## [Data section]
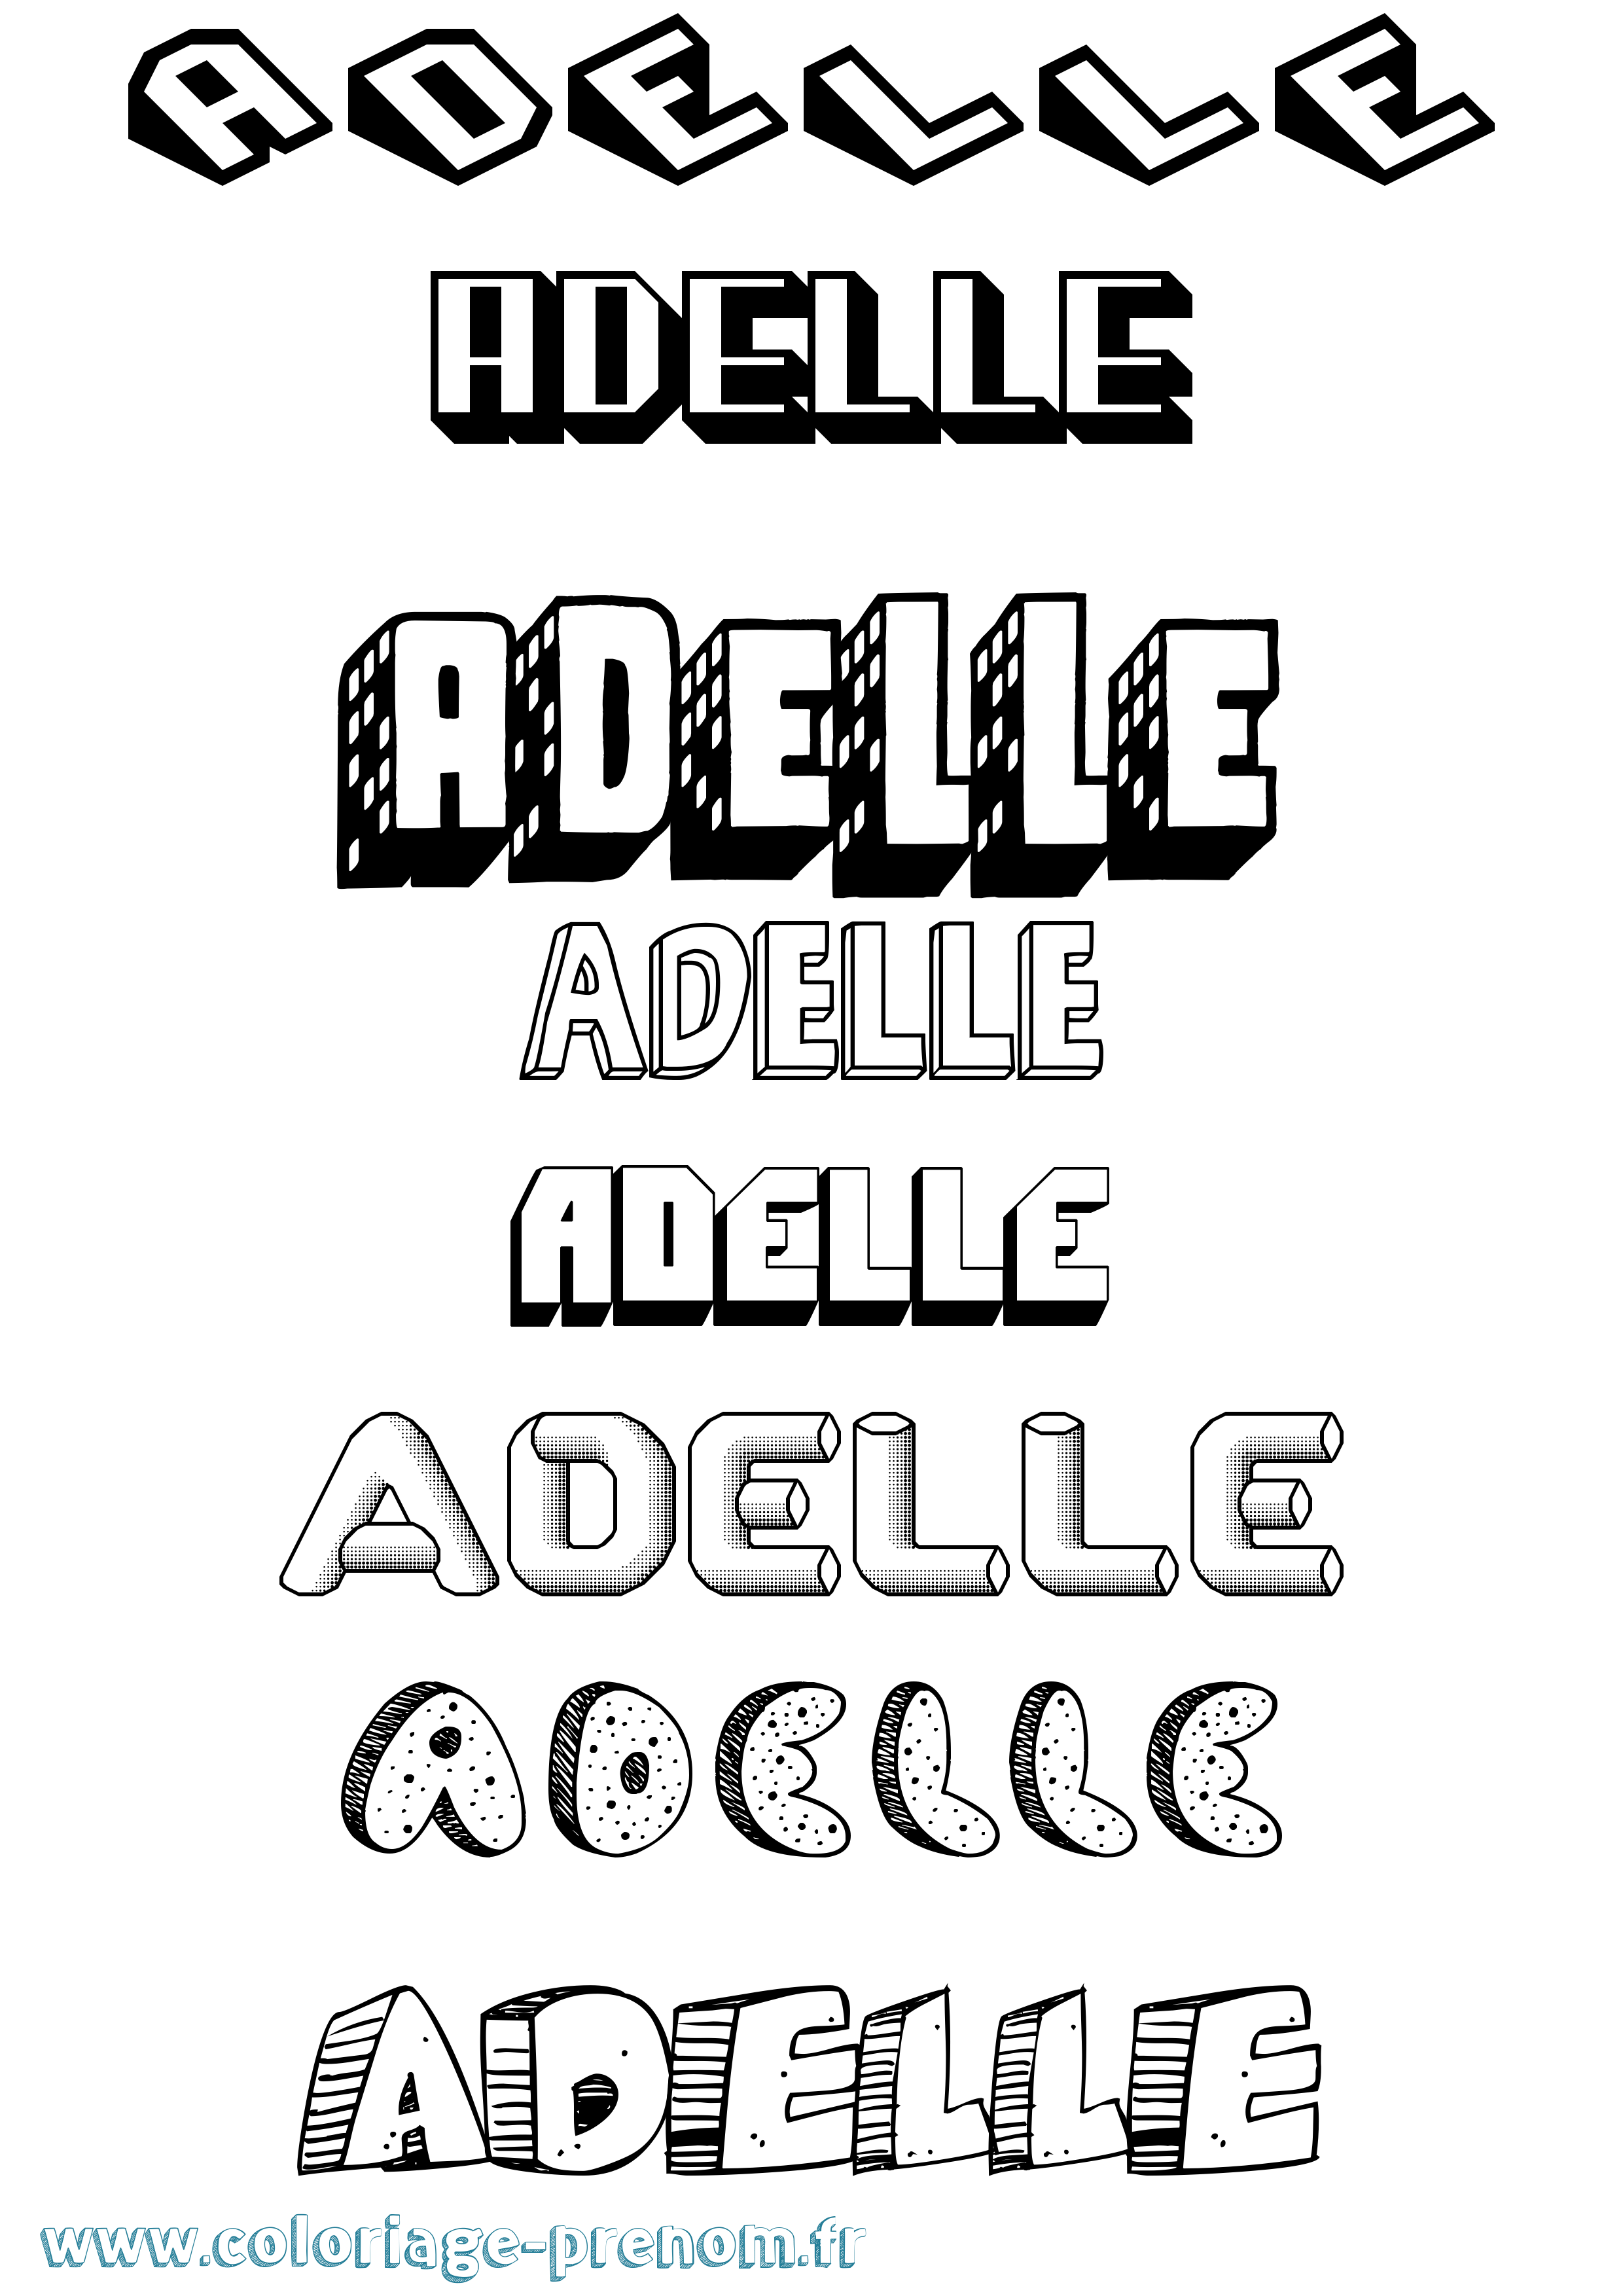 Coloriage prénom Adelle Effet 3D
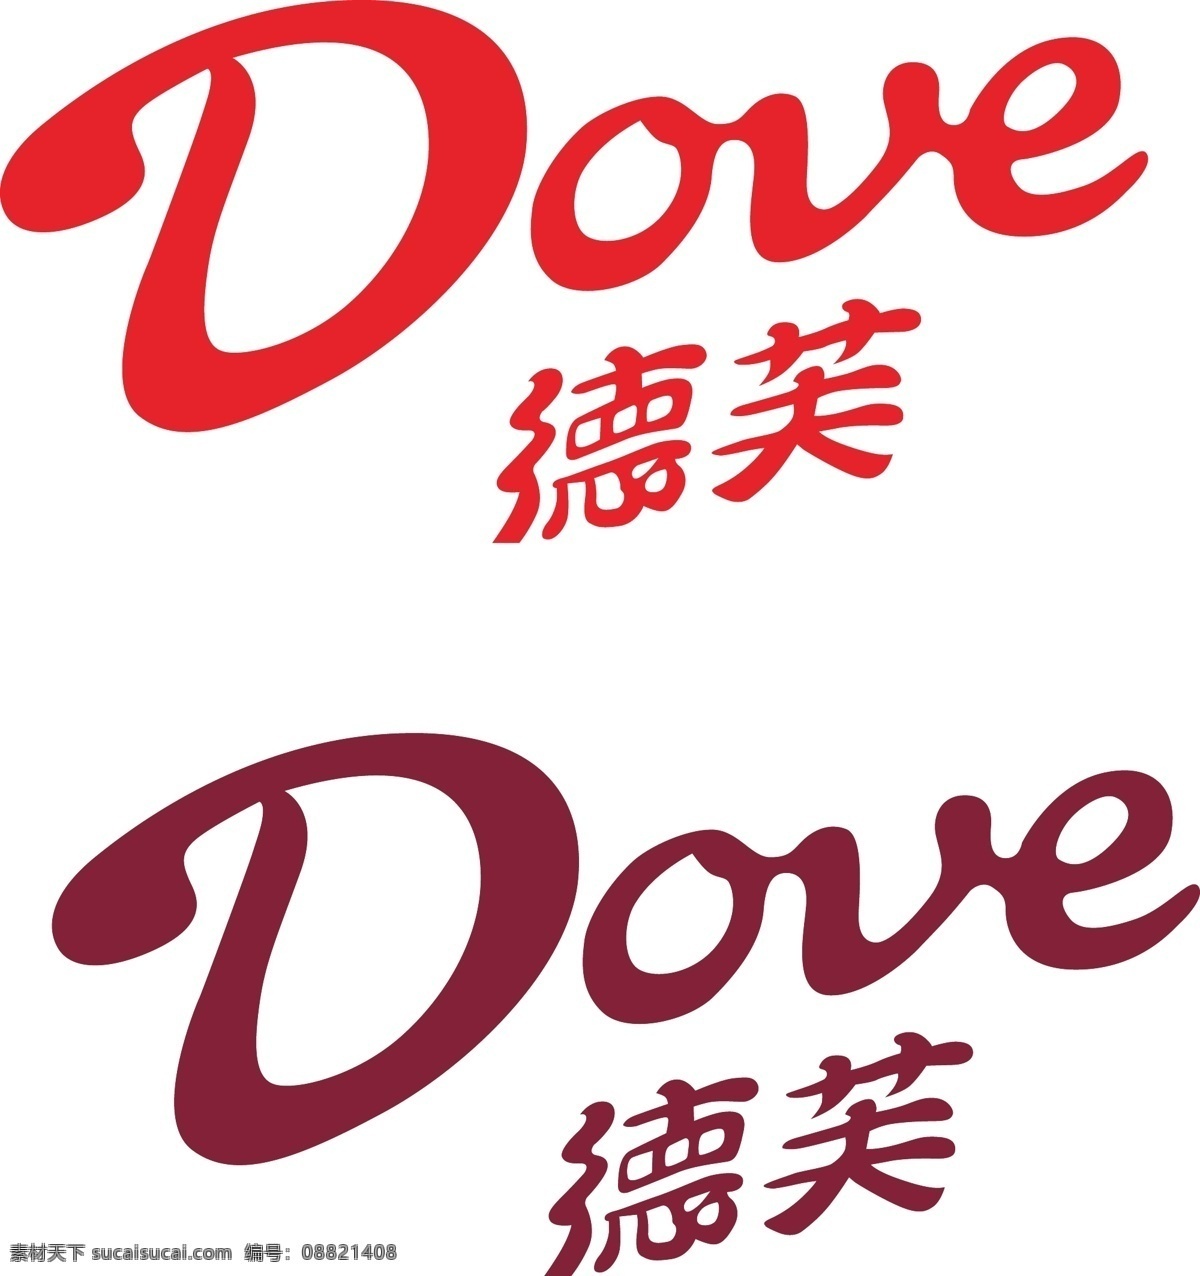 德芙logo 德芙 德芙标识 巧克力 爱情 logo设计
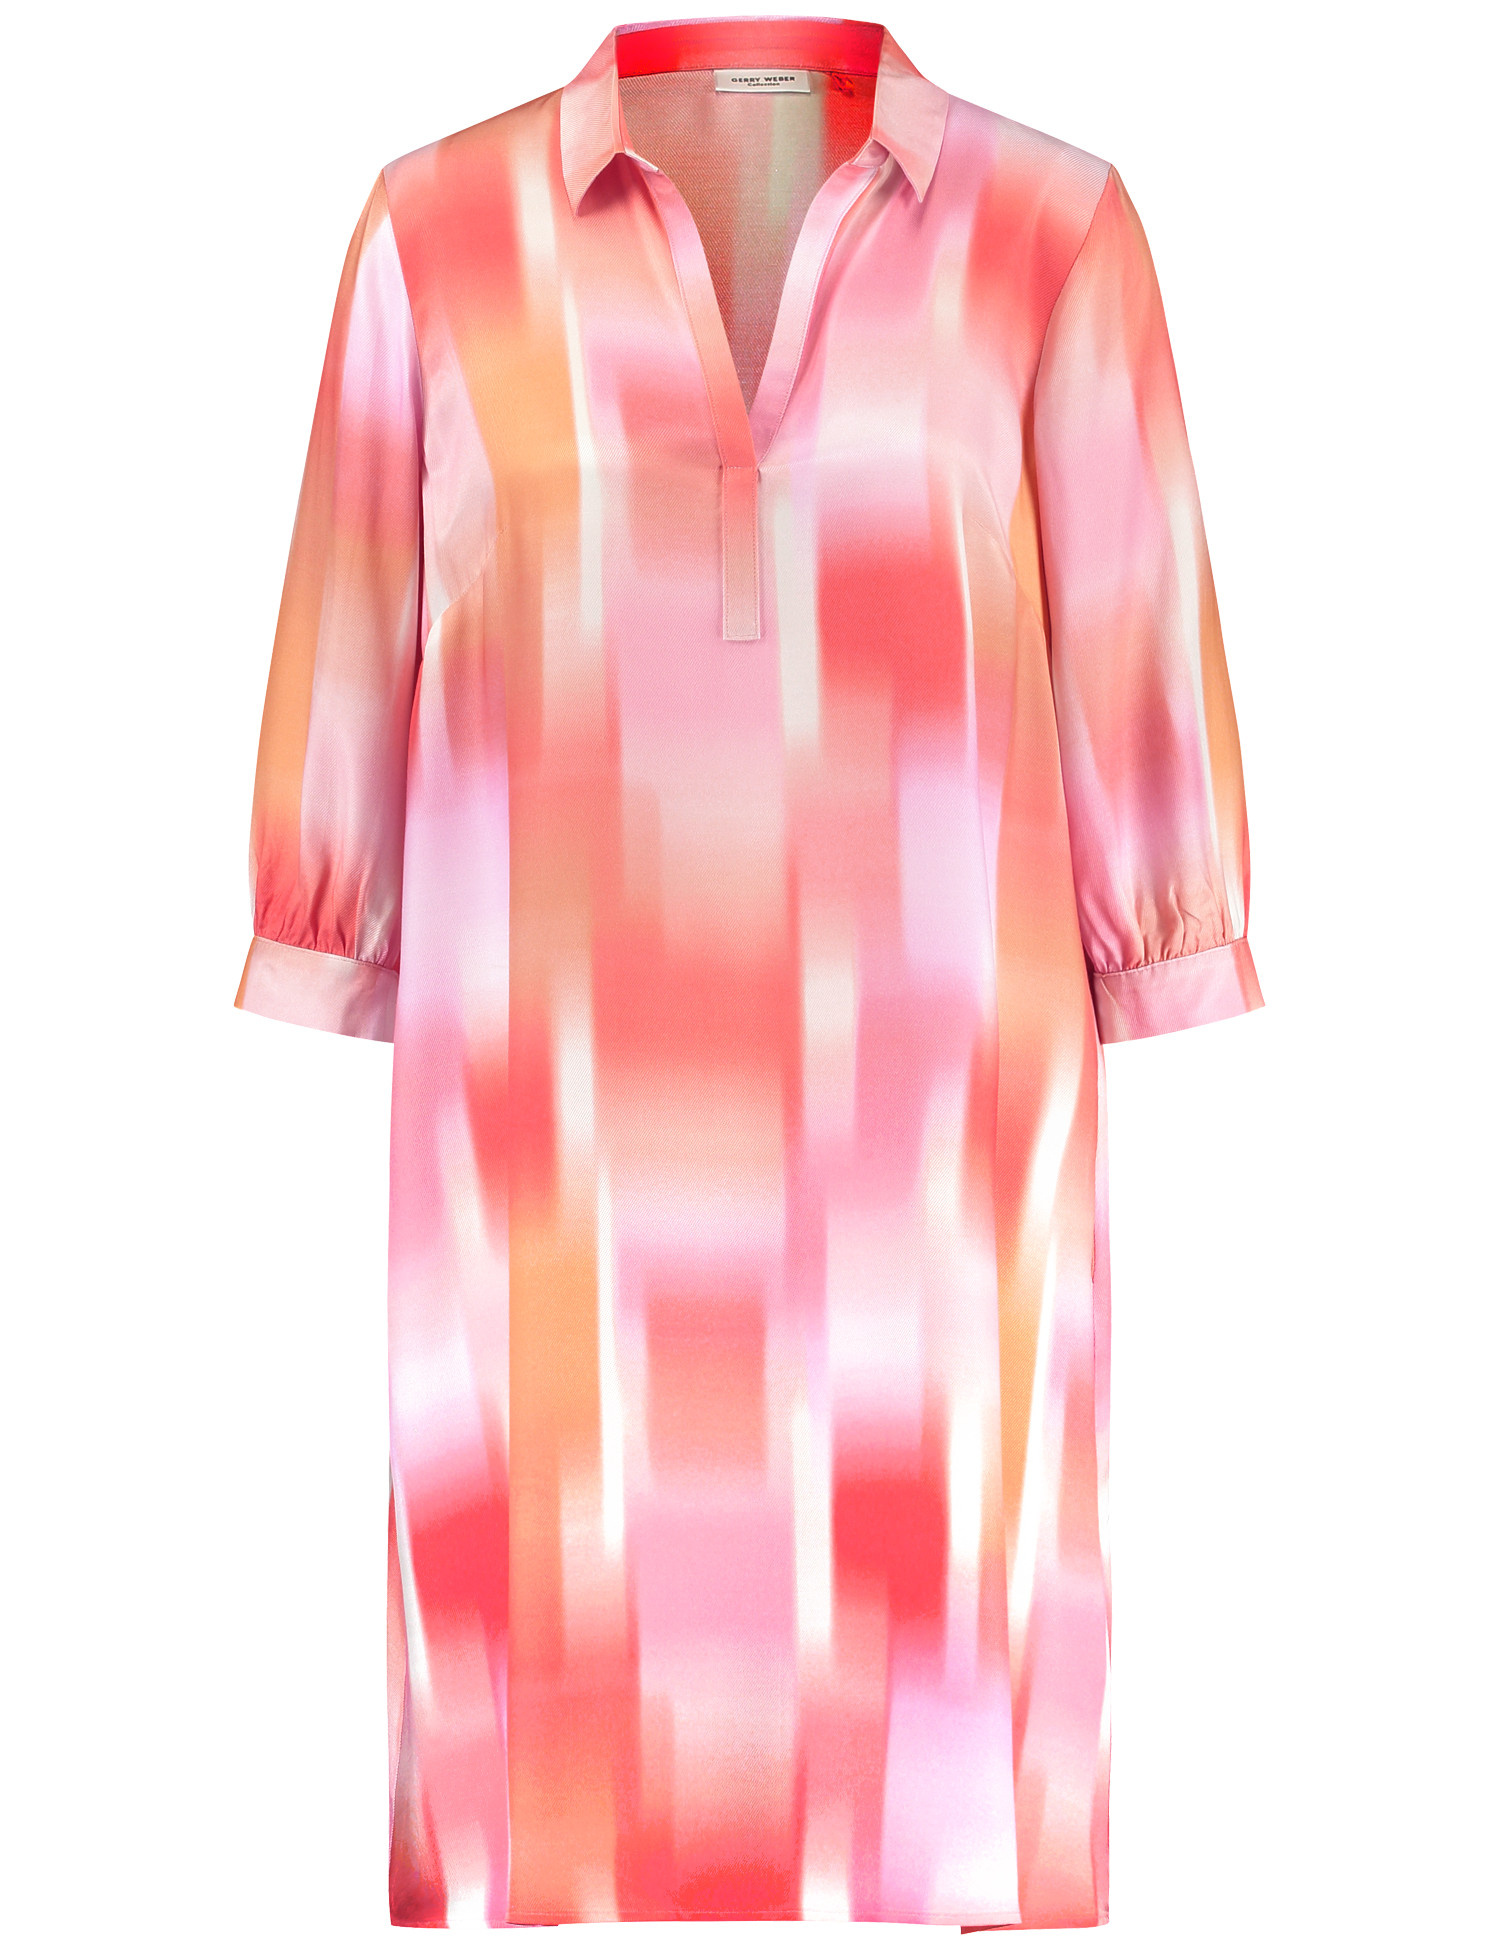 GERRY WEBER Damen Nachhaltiges Blusenkleid 3/4 Arm Mit Kragen Viskose Pink gemustert, 40 von Gerry Weber

## [What this task involves]
Make an exact reproduction of the listing above, without any pictures.

## [Result below]
 Coloriage prénom Adelle Effet 3D
 德芙logo 德芙 德芙标识 巧克力 爱情 logo设计
 GERRY WEBER Damen Nachhaltiges Blusenkleid 3/4 Arm Mit Kragen Viskose Pink gemustert, 40 von Gerry Weber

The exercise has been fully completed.